**Requirement**
For this exercise, copy exactly the lines below from the one with "Buy Argos Home" through the one with "Provvedimento di internamento" and leave out the pictures.

**Exercise input**
══════════════════════════════

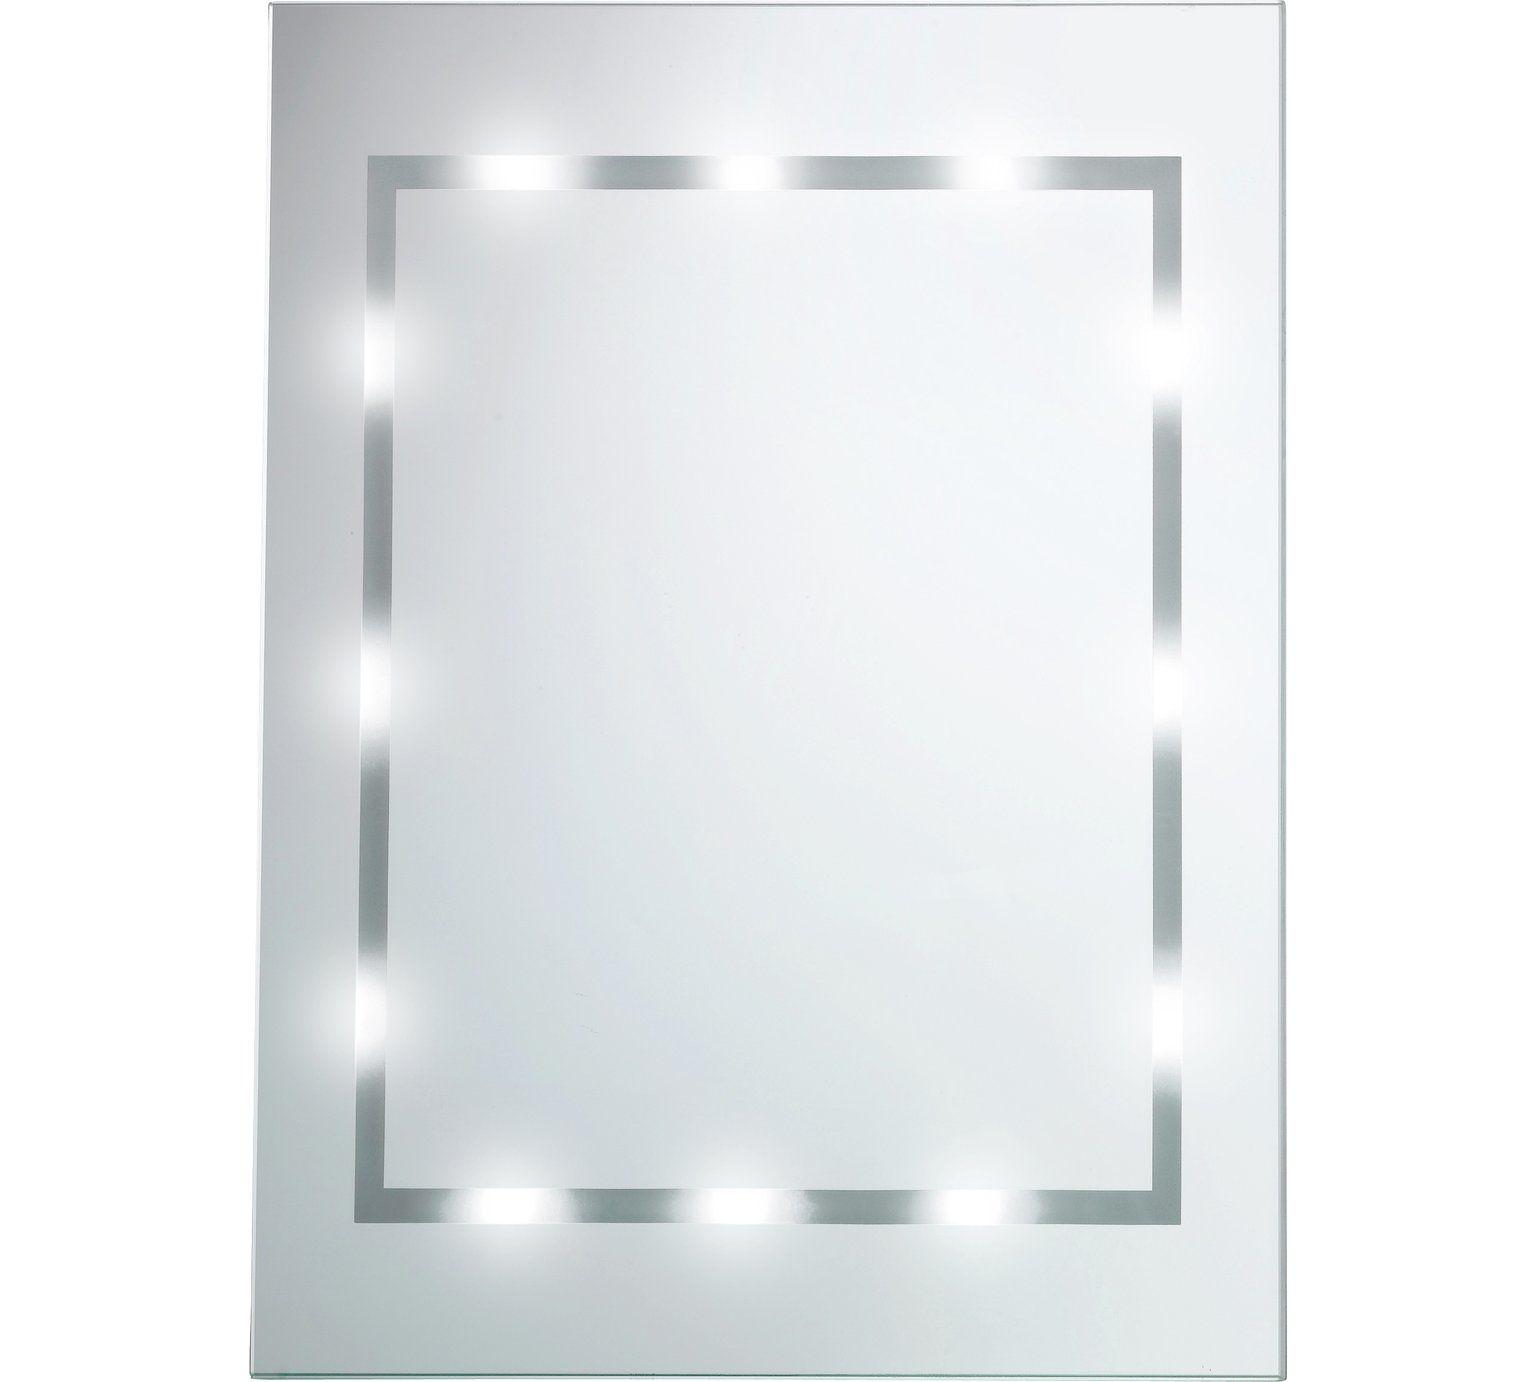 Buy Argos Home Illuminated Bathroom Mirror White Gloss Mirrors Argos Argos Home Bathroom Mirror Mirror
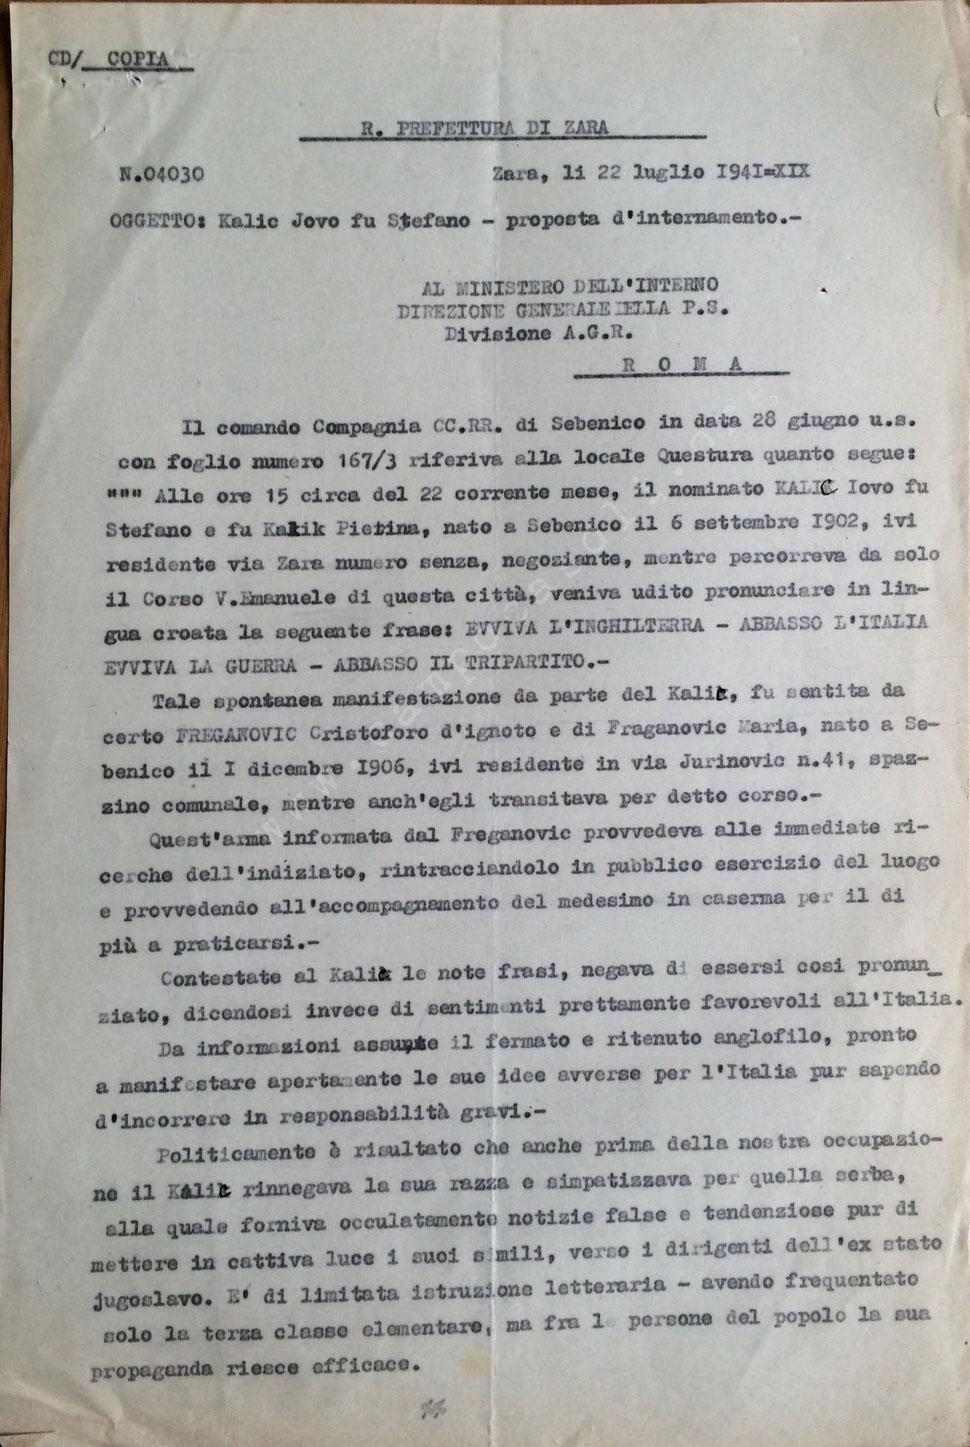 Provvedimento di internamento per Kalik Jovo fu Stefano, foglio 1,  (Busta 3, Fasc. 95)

══════════════════════════════

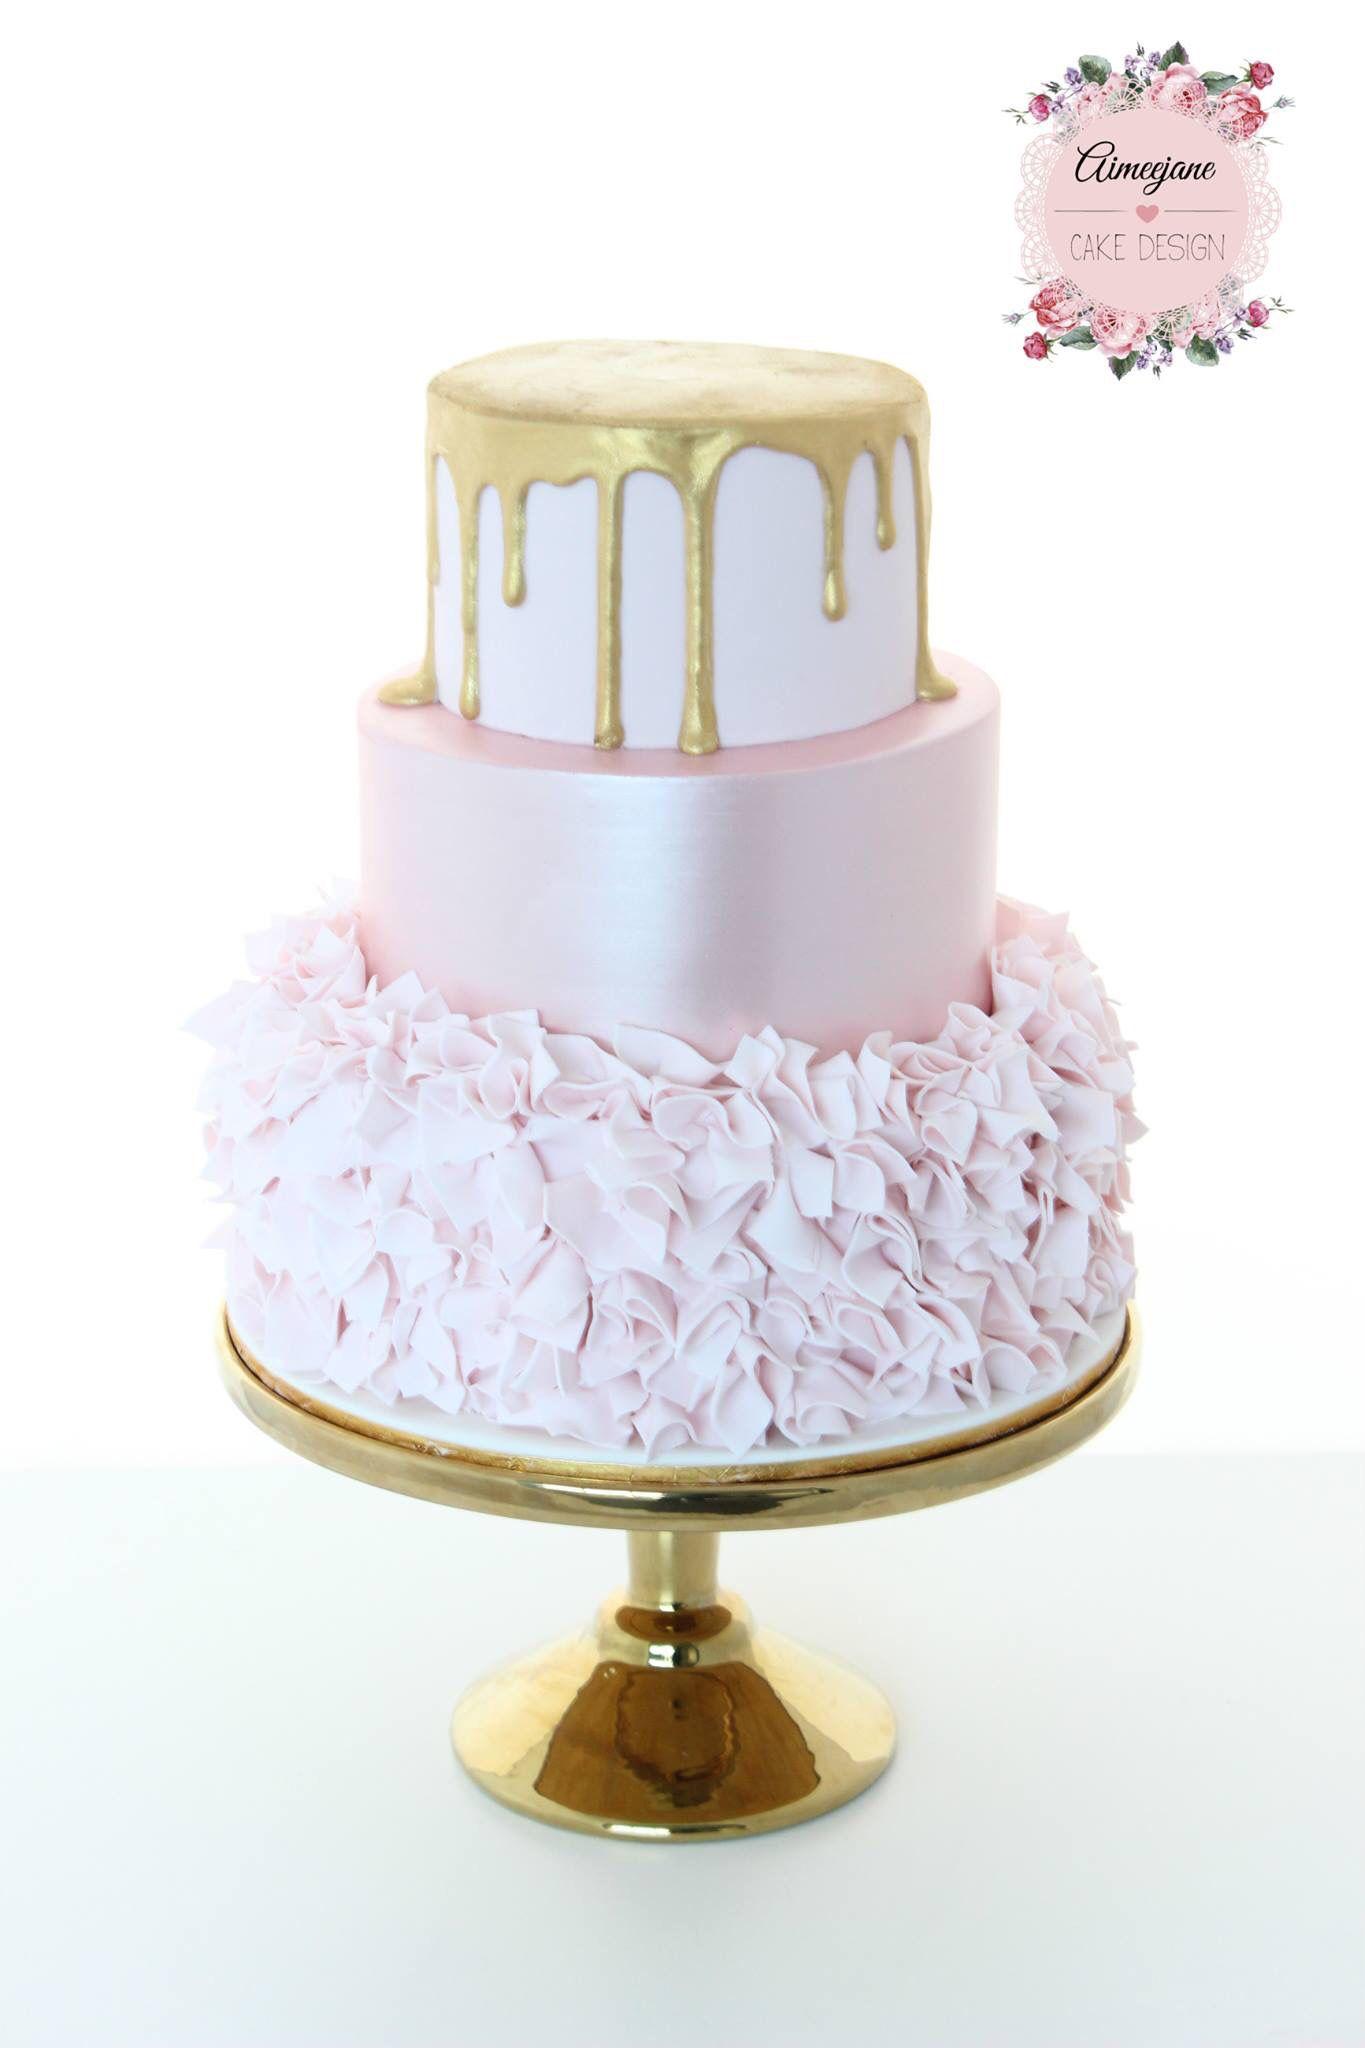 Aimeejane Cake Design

══════════════════════════════

**Response area**
 Buy Argos Home Illuminated Bathroom Mirror White Gloss Mirrors Argos Argos Home Bathroom Mirror Mirror
 Provvedimento di internamento per Kalik Jovo fu Stefano, foglio 1,  (Busta 3, Fasc. 95)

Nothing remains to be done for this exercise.